JPS5940571B2 - Deburring method and device - Google Patents

Description

DETAILED DESCRIPTION OF THE INVENTION The present invention relates to a method and apparatus for removing burrs formed on the edge of a plate, particularly a thin plate.

However, the word buritoriyo mentioned here includes both the ordinary meaning of burrido and chamfer.

This is because both are usually carried out on the ridge at the end of the plate, and the methods and equipment are generally similar, and the difference lies primarily in how far the tool is pushed into the ridge.

Various methods and devices for removing hair as described above have been known in the art.

For example, tools such as a galan, a puff, an ordinary cutter, and a belt grinder are used.

Although these tools are effective depending on the type of plate, various problems arise when the plate is thin.

This is because when the plate is thin, high accuracy is often required for the cutout dimensions, and the tool often bites into the plate.

A typical example is silicon steel sheets used in electrical equipment.

Many of these silicon steel plates are used with a thickness of 0.5 m+y+ or less, and the deburring size is required to be small so that the insulating coating applied to the surface is not peeled off as much as possible.

That is, a width of 0.3 mm or less is often required.

When applying this type of removal force, using a gun or puff, the width of the burr build-up force increases, when using a regular cutter, the cutter tends to dig into the plate material, and when belt grinding, the life of the tool is reduced. is short, and when processed with a grinder, secondary ridges occur.

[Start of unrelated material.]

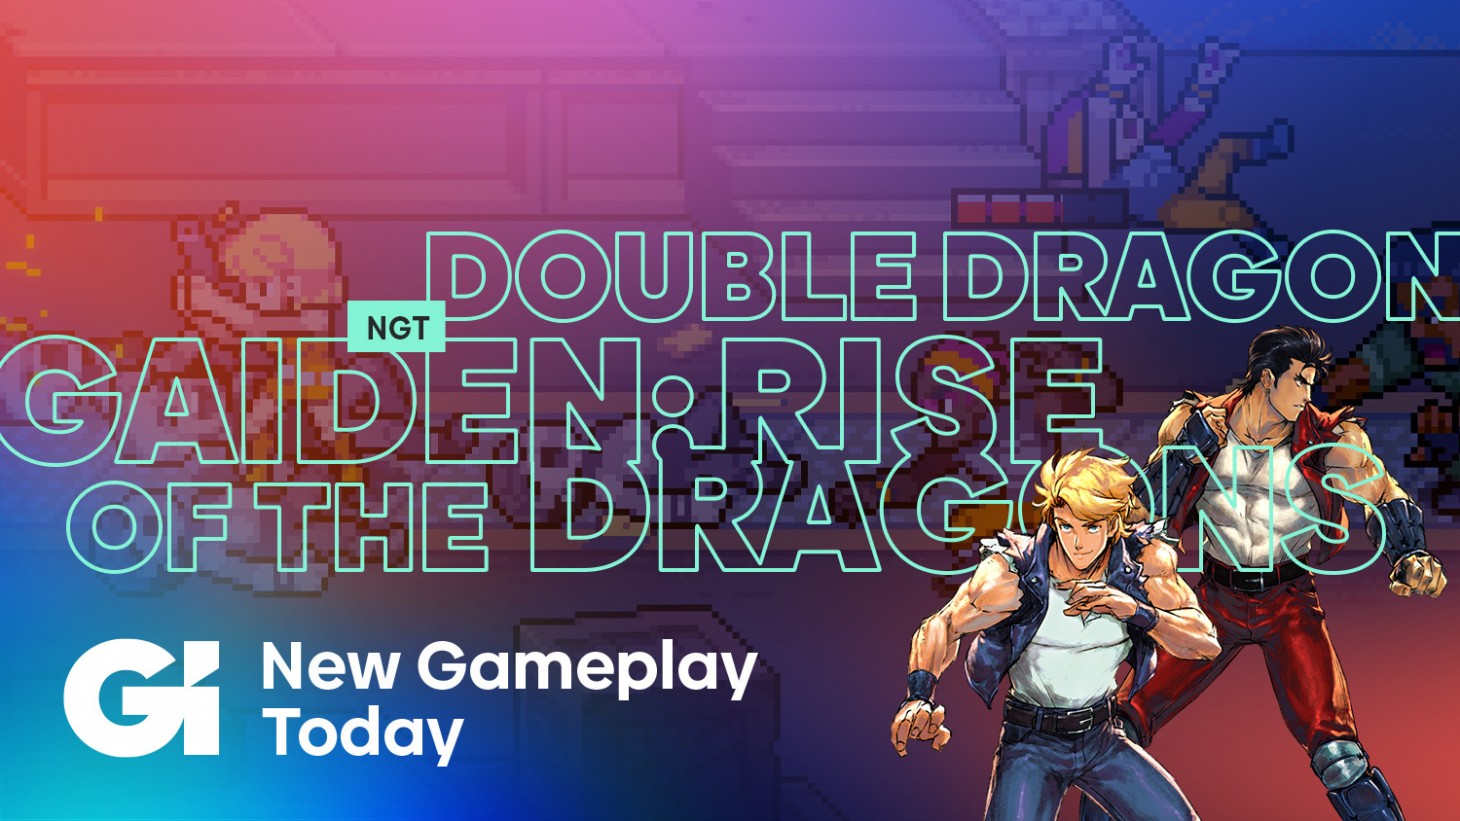 Double Dragon Gaiden: Rise of the Dragons – The Final Preview

In order to avoid this inconvenience, the use of a disc cutter was considered, but this cutter has the advantage that it hardly bites into the board even when used for deburring thin boards, but compared to the conventional This method of use had the disadvantage that its lifespan was relatively short, between that of belt grinding and grinder processing.

The conventional method of using a disc cutter is to remove burrs by operating the disc cutter on the edge of the workpiece while the plane containing the cutting edge circle is positioned approximately parallel to the edge of the workpiece.

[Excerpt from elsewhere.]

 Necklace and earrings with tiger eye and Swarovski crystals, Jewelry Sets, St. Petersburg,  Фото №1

In this method, the cutting edge circle acts on the edge of the workpiece at two locations, so even if deburring is performed at the first location, secondary burrs will occur at the later location, so if precision deburring is required, It's not convenient.

In addition, since the cutting edge is applied to the edge of the workpiece at two locations, the cutting edge of the disc cutter wears out quickly, resulting in a short service life.

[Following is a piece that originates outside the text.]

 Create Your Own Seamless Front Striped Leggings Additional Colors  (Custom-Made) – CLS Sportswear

SUMMARY OF THE INVENTION An object of the present invention is to provide a method and device for removing burrs from a plate, such as a steel plate, that can extend the life of a disc cutter.

In order to achieve the above object, in the knife removal force method of the present invention, the cutting edge circle of the disc cutter is tilted with respect to the surface of the plate on which the burr is applied and also to the edge of the workpiece. If it is pressed against the machining edge, it will remove the spots.

The direction of inclination of the disc cutter with respect to the processed edge is such that the cutting edge circle acts on the processed edge on the upstream side with respect to the movement of the plate and moves away from the processed edge as it goes downstream.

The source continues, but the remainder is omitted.